**INFORMATION PROVIDED**

....

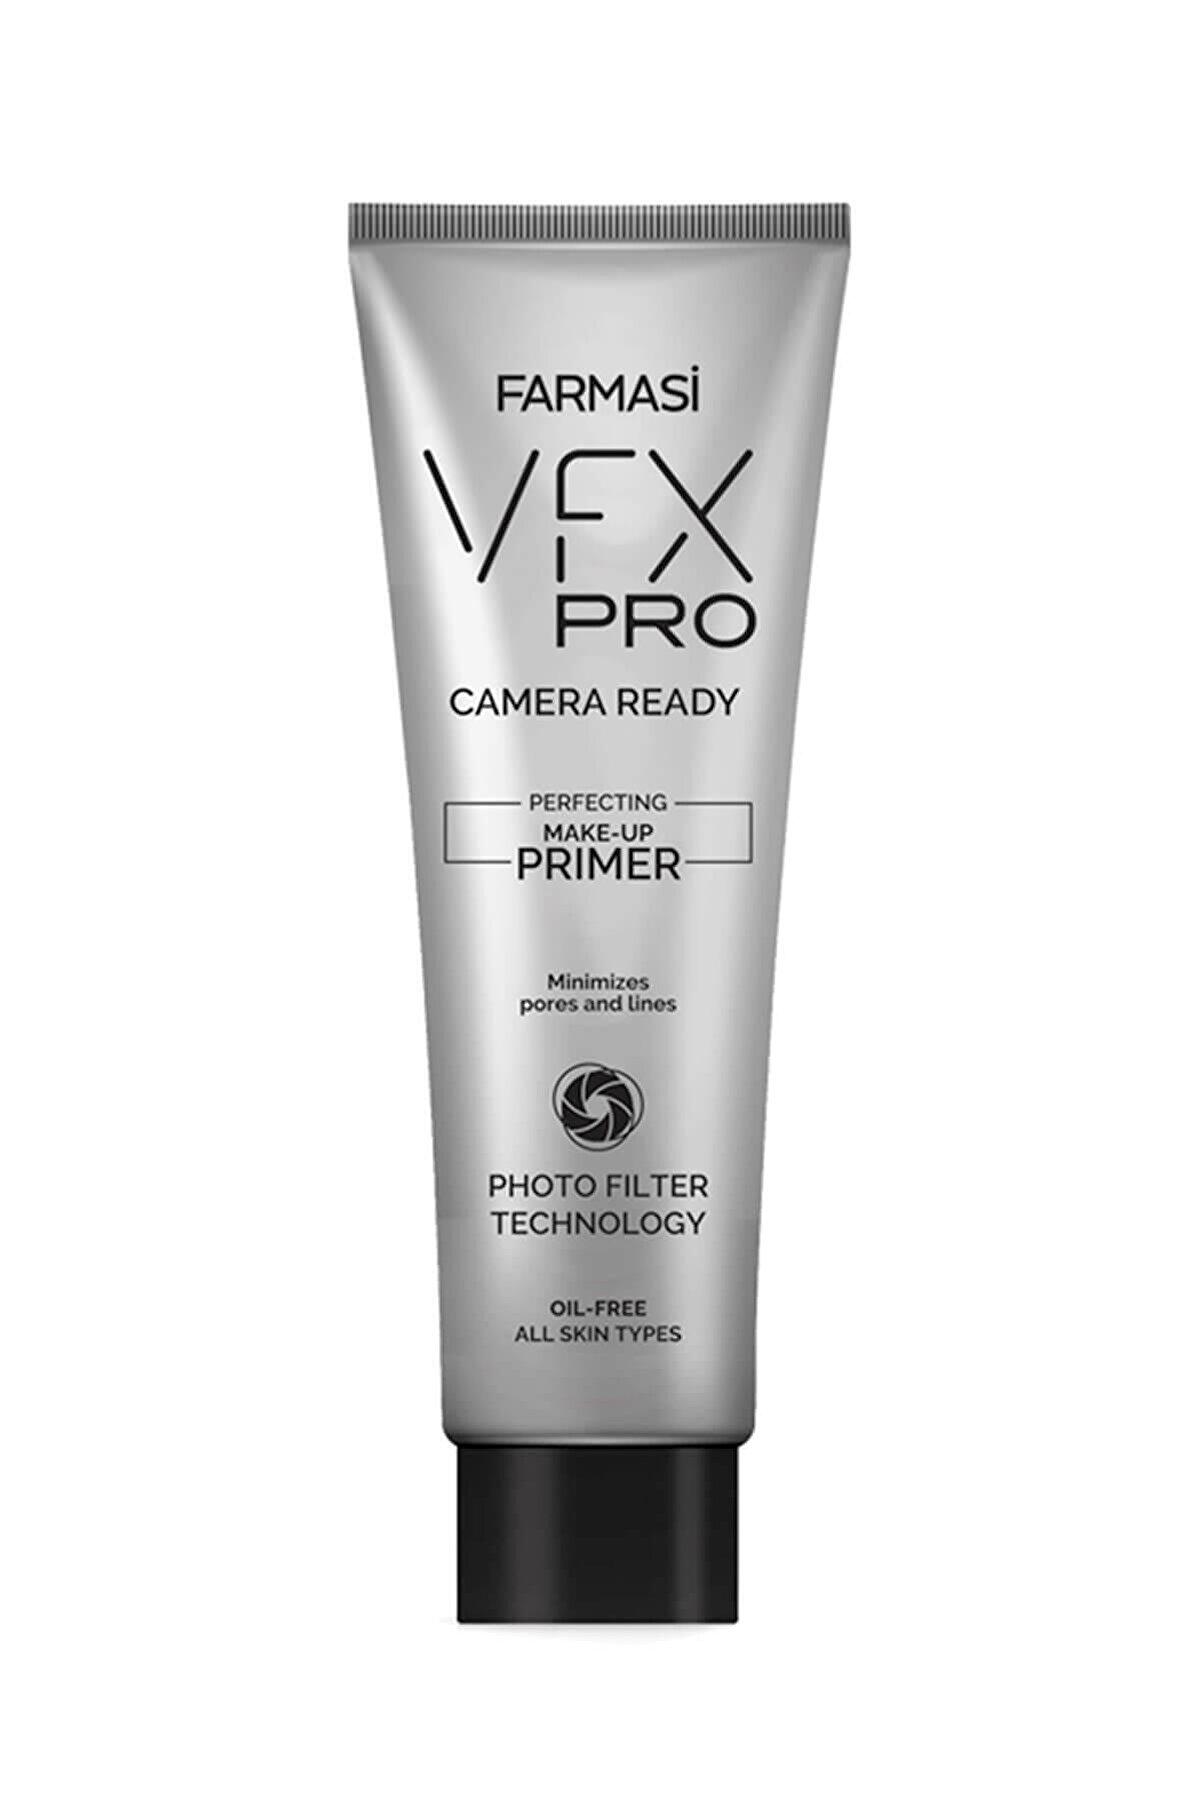 Farmasi Vfx Pro Camera Ready Makyaj Bazı 25 Ml.
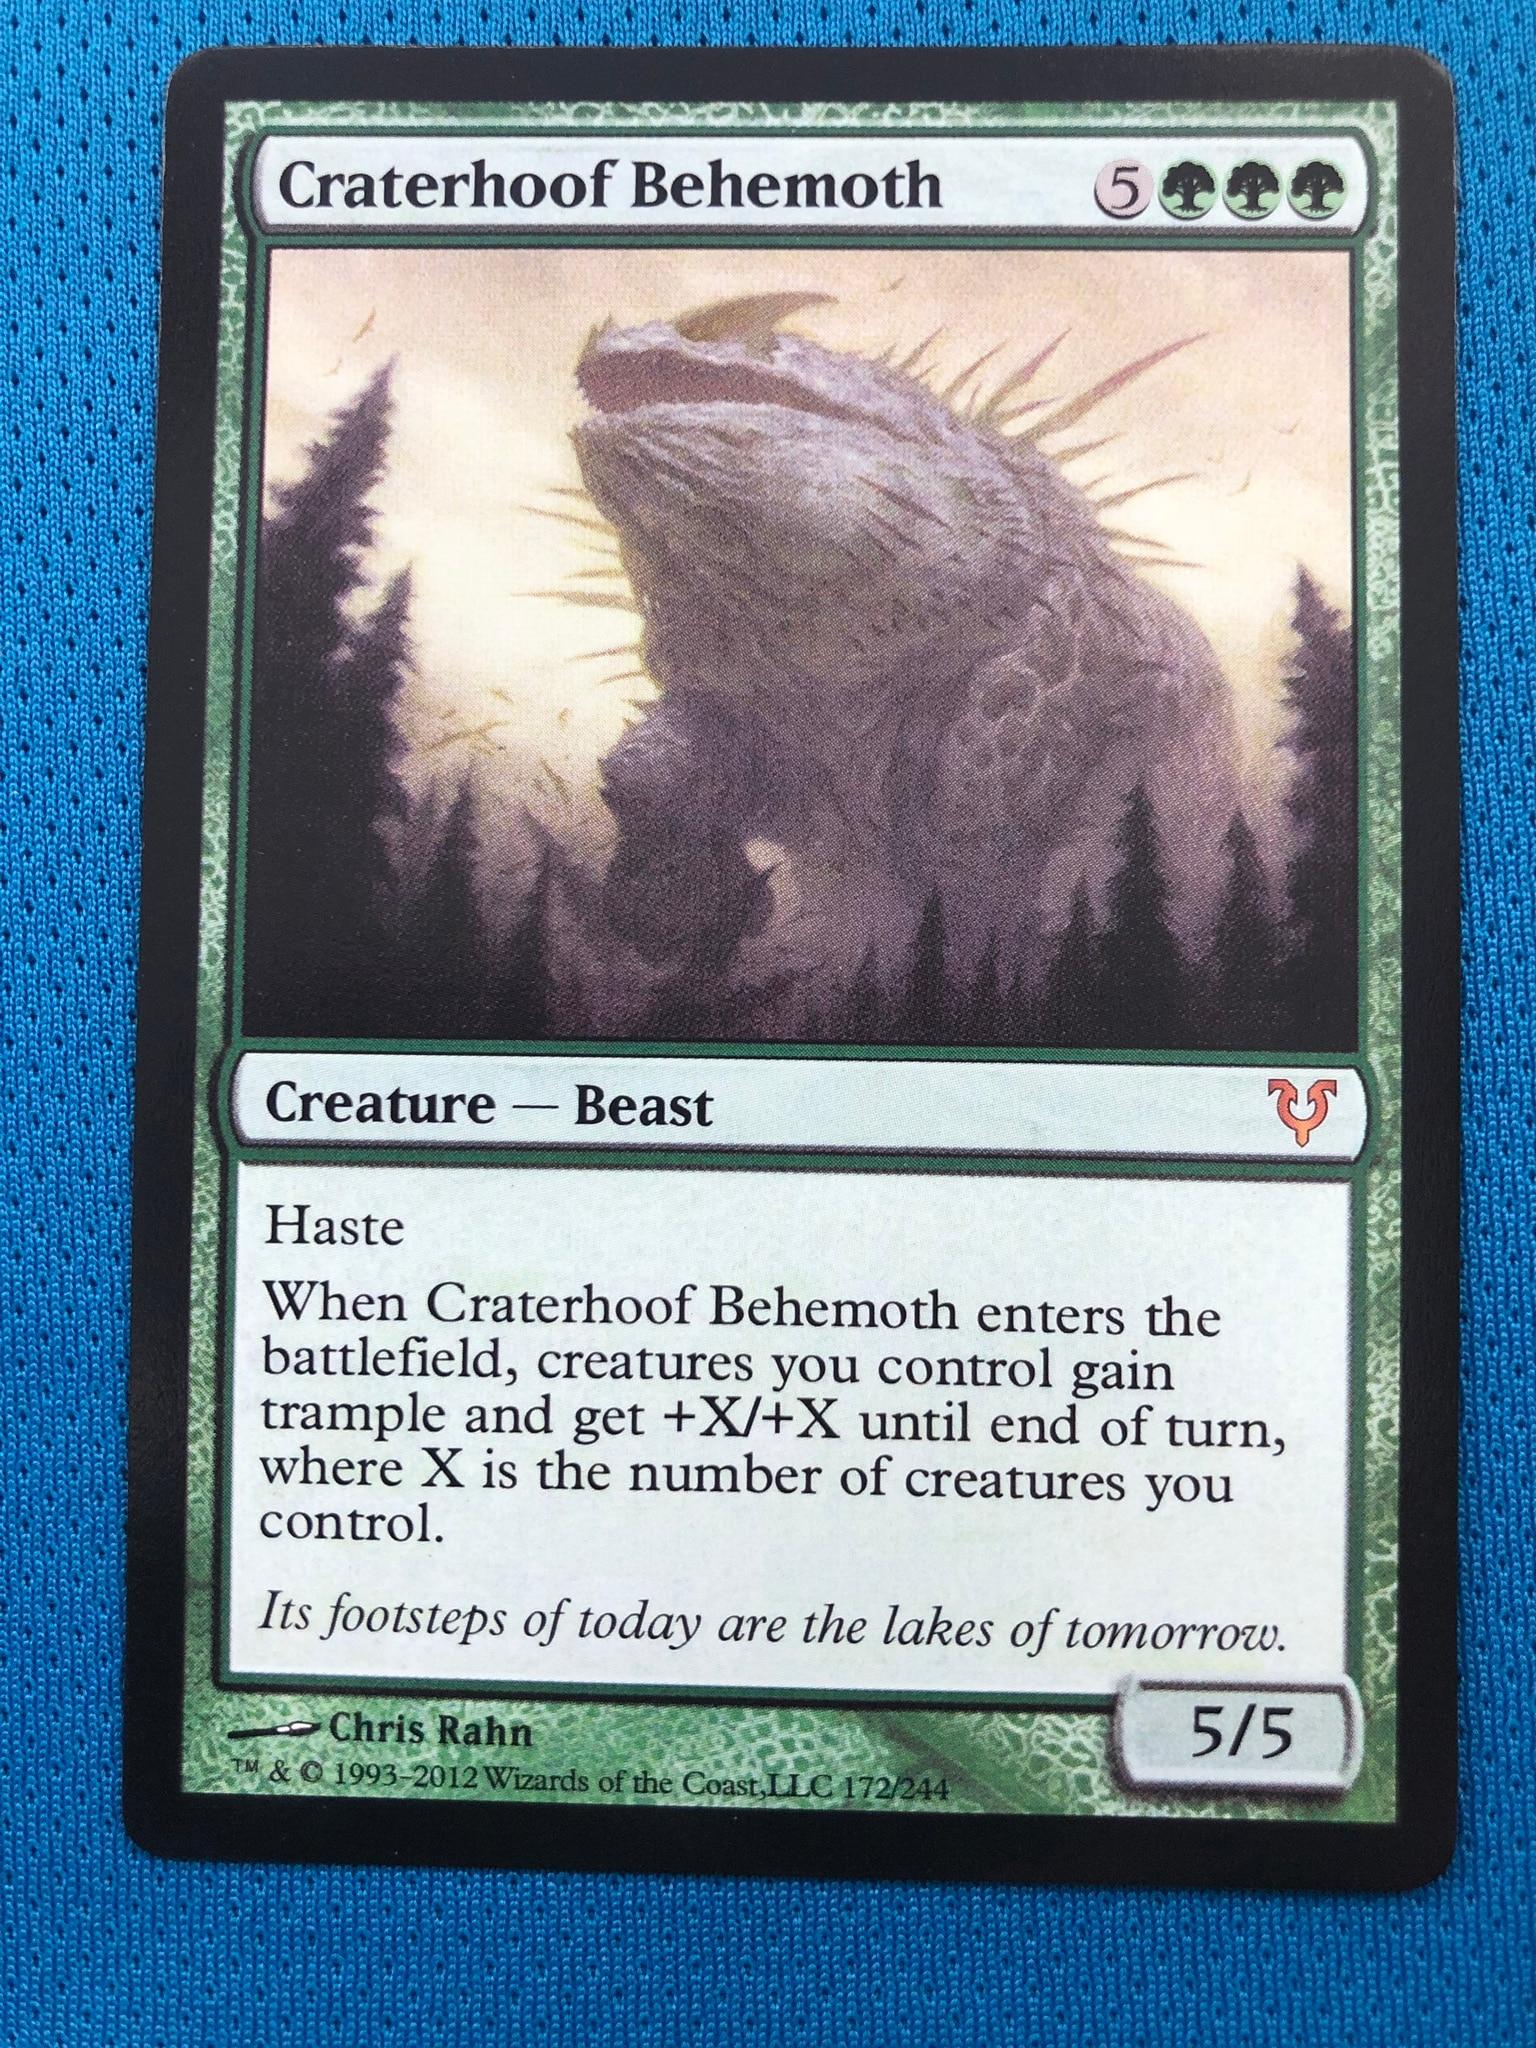 Craterhoof BehemothAvacyn Restored Magician ProxyKing 8.0 VIP The Proxy Cards To Gathering Every Single Mg Card.
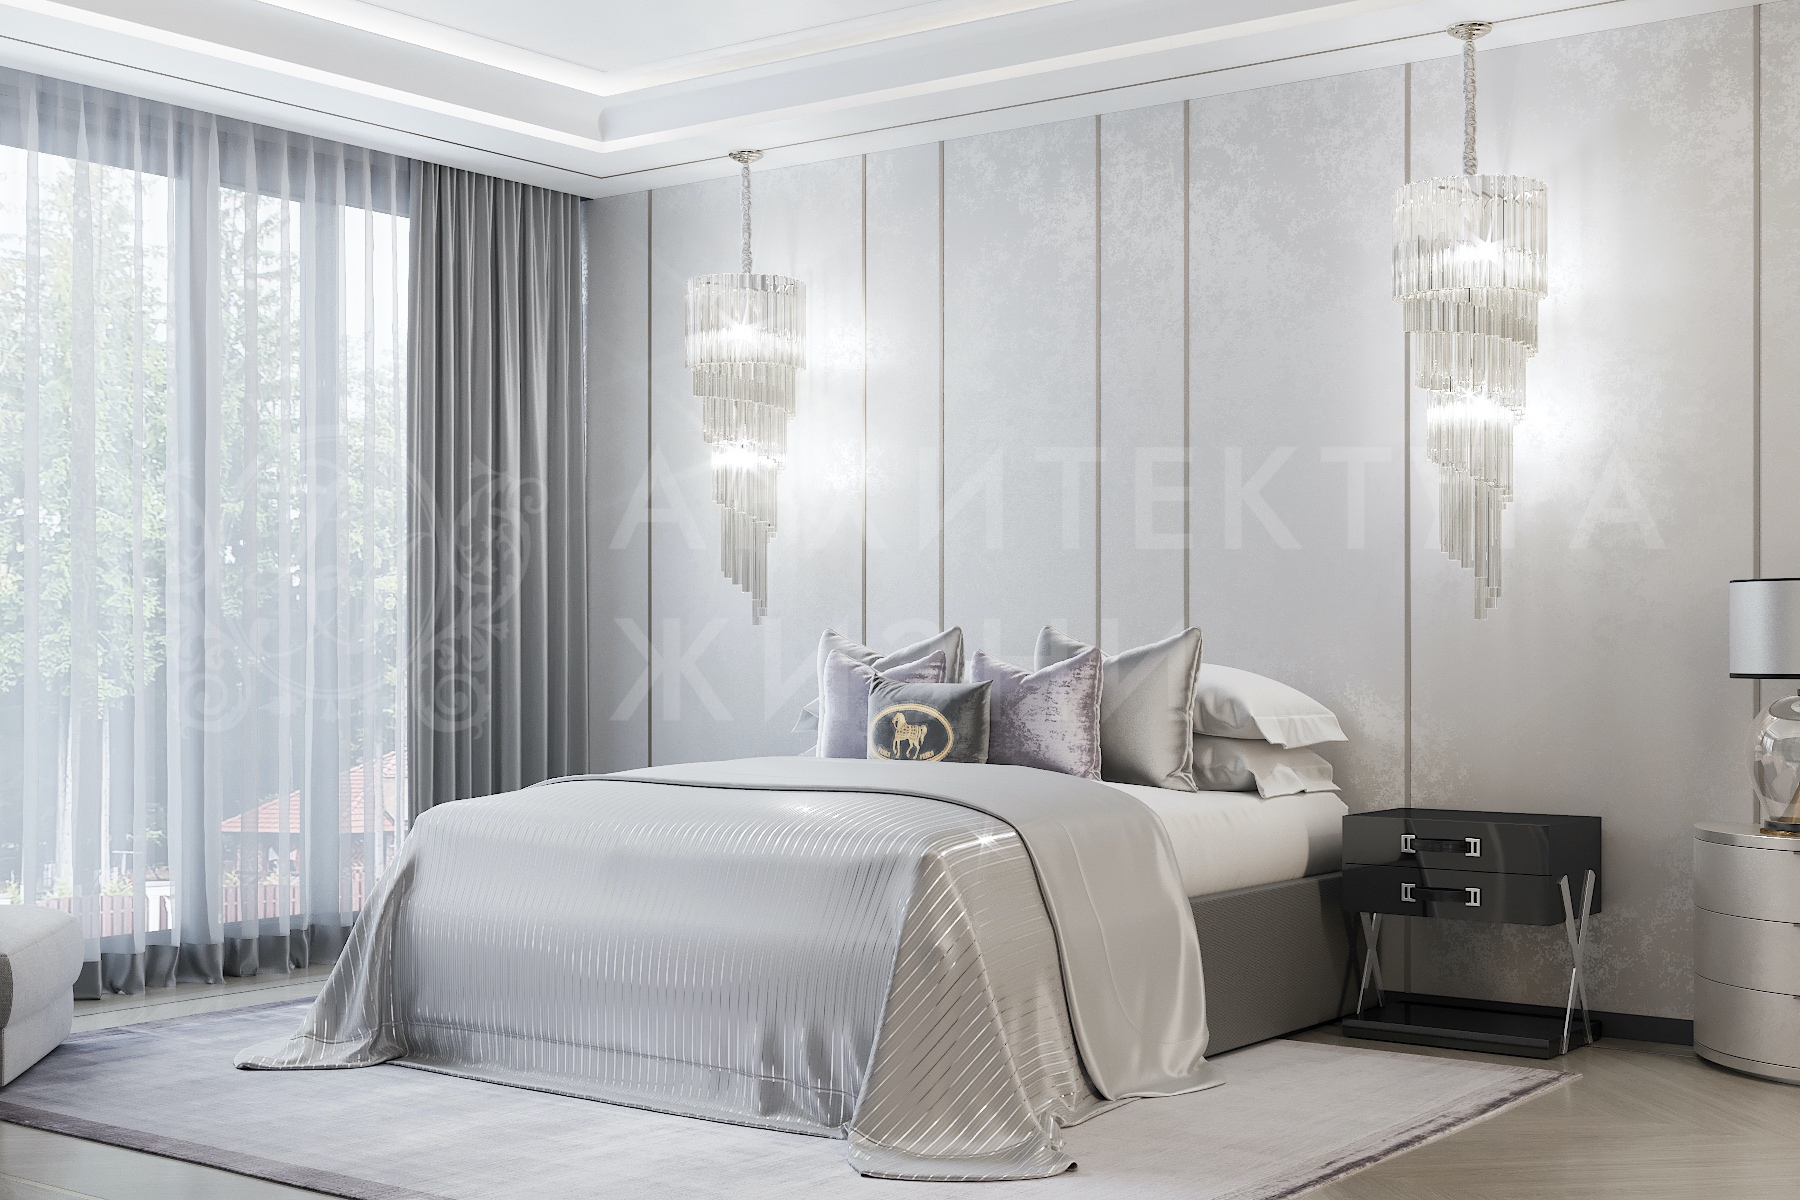 BedroomVid3.jpg

....

Please set down every line of the data above precisely, dropping the images.

 Farmasi Vfx Pro Camera Ready Makyaj Bazı 25 Ml.
 Craterhoof BehemothAvacyn Restored Magician ProxyKing 8.0 VIP The Proxy Cards To Gathering Every Single Mg Card.
 BedroomVid3.jpg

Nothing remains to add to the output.